Dendrites receive signals from other neurons. The cell body sums all input signals to generate an output. When the sum reaches the threshold, it is output through the axon. Synapse is a point of interaction between neurons. It transmits electrochemical signals to another neuron.

x1, X2... Xn are input variables. w1, W2... Wn is the weight of each input. b is the deviation, which can be added to the weighted input to form the input. Bias and weight are adjustable parameters of neurons. Use some learning rules to adjust the parameters. The output of neurons can range from - inf to + inf. Neurons don't know boundaries. Therefore, we need a mapping mechanism between the input and output of neurons. This mechanism for mapping inputs to outputs is called an activation function.

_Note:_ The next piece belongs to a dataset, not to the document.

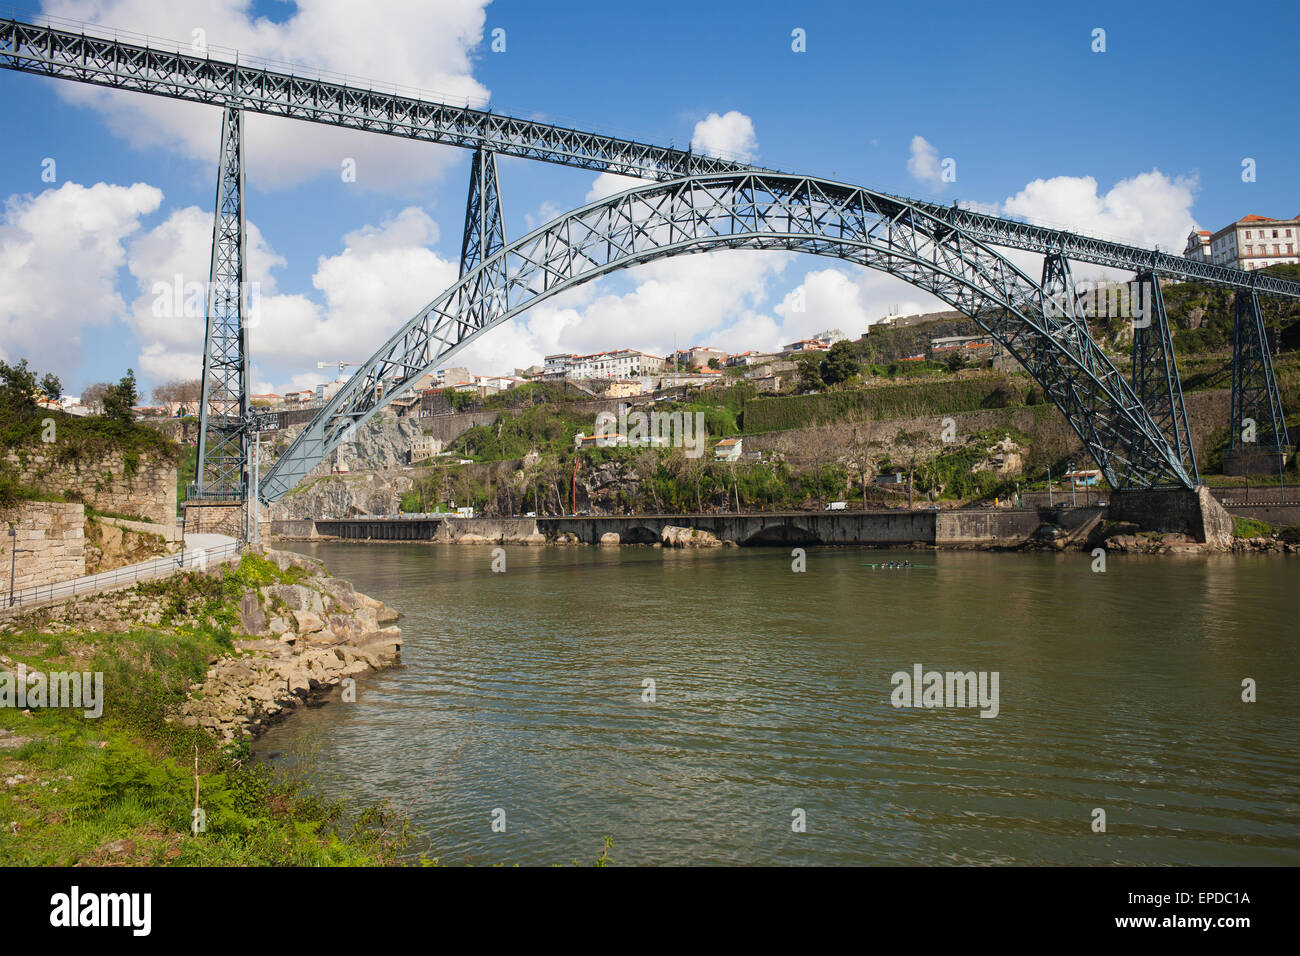 Maria-Pia-Brücke in Porto, Portugal, schmiedeeisernen Bogen Eisenbahnbrücke über den Fluss Douro, eröffnet im Jahre 1877, Gustave Eiffel Design. Stockfoto

Feedforward and feedback artificial neural networks

There are two main types of artificial neural networks: feedforward and feedback artificial neural networks. Feedforward neural network is a non recursive network. Neurons in this layer are only connected to neurons in the next layer, and they do not form a cycle. In feedforward, the signal flows to the output layer in only one direction.

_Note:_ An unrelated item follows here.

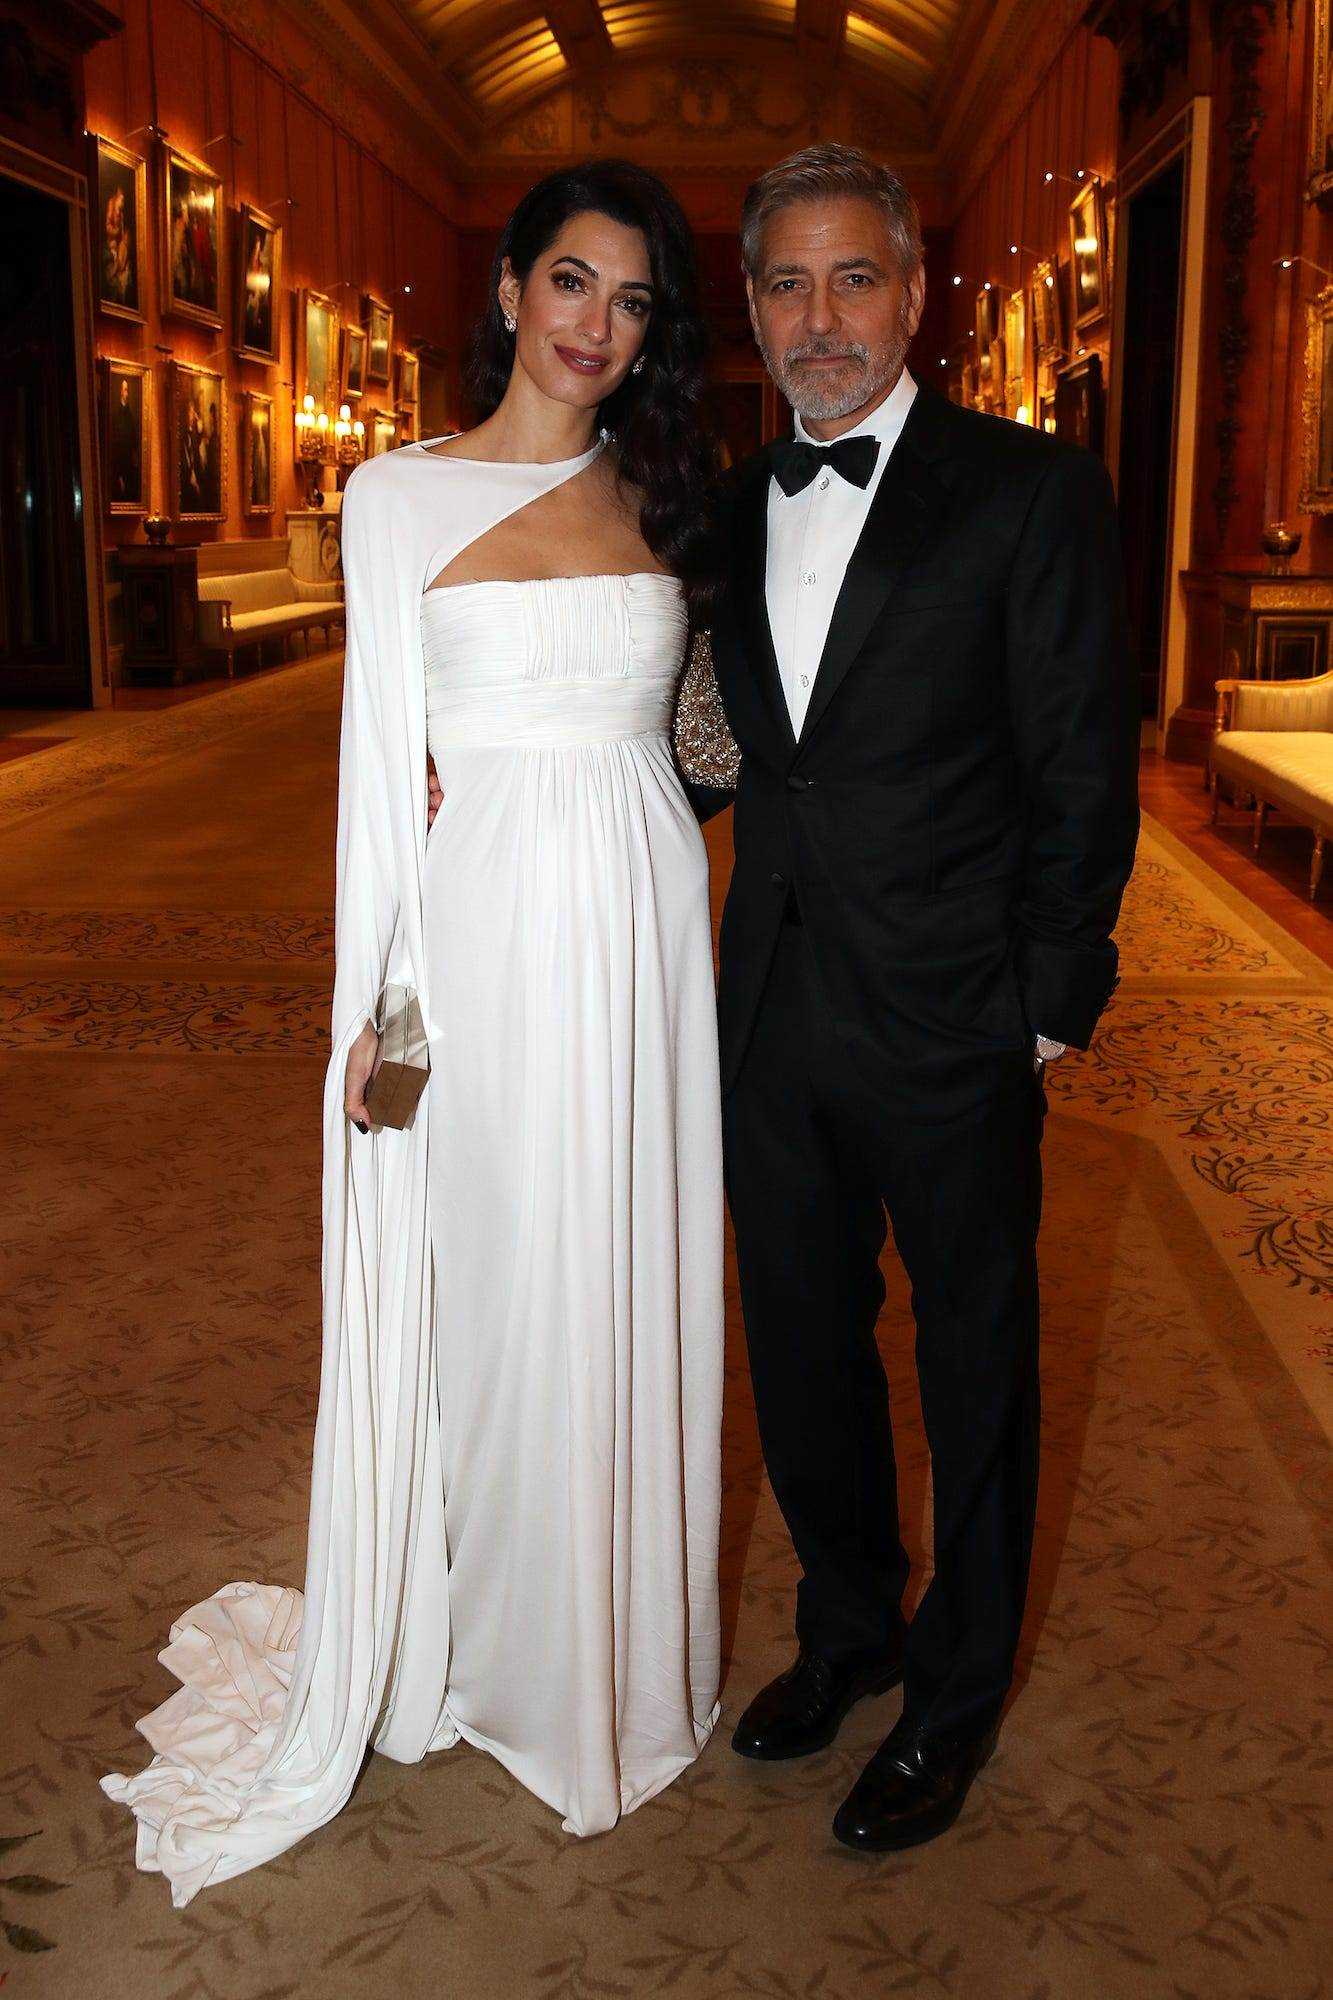 The Clooney's bei einem Abendessen von Prinz Charles in London, England, am 12. März 2019.

The feedback neural network contains loops. By introducing a loop into the network, the signal can propagate in both directions. The feedback period will cause the network behavior to change over time according to its input. Feedback neural network is also called recurrent neural network.

Activation function

The activation function defines the output of the neuron. The activation function makes the neural network nonlinear and expressive. There are many activation functions:

Recognition function By activating the function Identity, the input of the node is equal to the output. It fits perfectly to the task that the underlying behavior is linear (similar to linear regression). When there is nonlinearity, it is not enough to use the activation function alone, but it can still be used as an activation function on the final output node for regression tasks..
stay In Binary Step Function, if the value of Y is higher than a specific value (called threshold), the output is True (or activated), and if it is less than the threshold, the output is false (or inactive). This is very useful in classifiers.
S-shaped function It is called S-shaped function. Logic and hyperbolic tangent functions are commonly used S-type functions. There are two types:
Sigmoid function Is a logic function in which the output value is binary or varies from 0 to 1.
Tanh function Is a logic function whose output value varies from - 1 to 1. Also called hyperbolic tangent function or tanh.
ReLU function, also known as modified linear unit, is a piecewise linear function, which makes up for the gradient disappearance of sigmoid function and tanh function. It is the most commonly used activation function. For the negative value of x, it outputs 0.

Implementation of neural network in R

Create training dataset

We create datasets. Here, you need two attributes or columns in the data: characteristics and labels. In the table shown above, you can view students' professional knowledge, communication skills scores and student scores. Therefore, the first two columns (professional knowledge score and communication skill score) are characteristics, and the third column (student achievement) is binary label.

#Create training dataset
#  Here, multiple columns or features are combined into a set of data
test=data.frame(professional knowledge,Communication skill score)Let's build a neural network classifier model.
Firstly, the neural network library is imported, and the neural network classifier model is created by transmitting the parameter set of labels and features, the data set, the number of neurons in the hidden layer and error calculation.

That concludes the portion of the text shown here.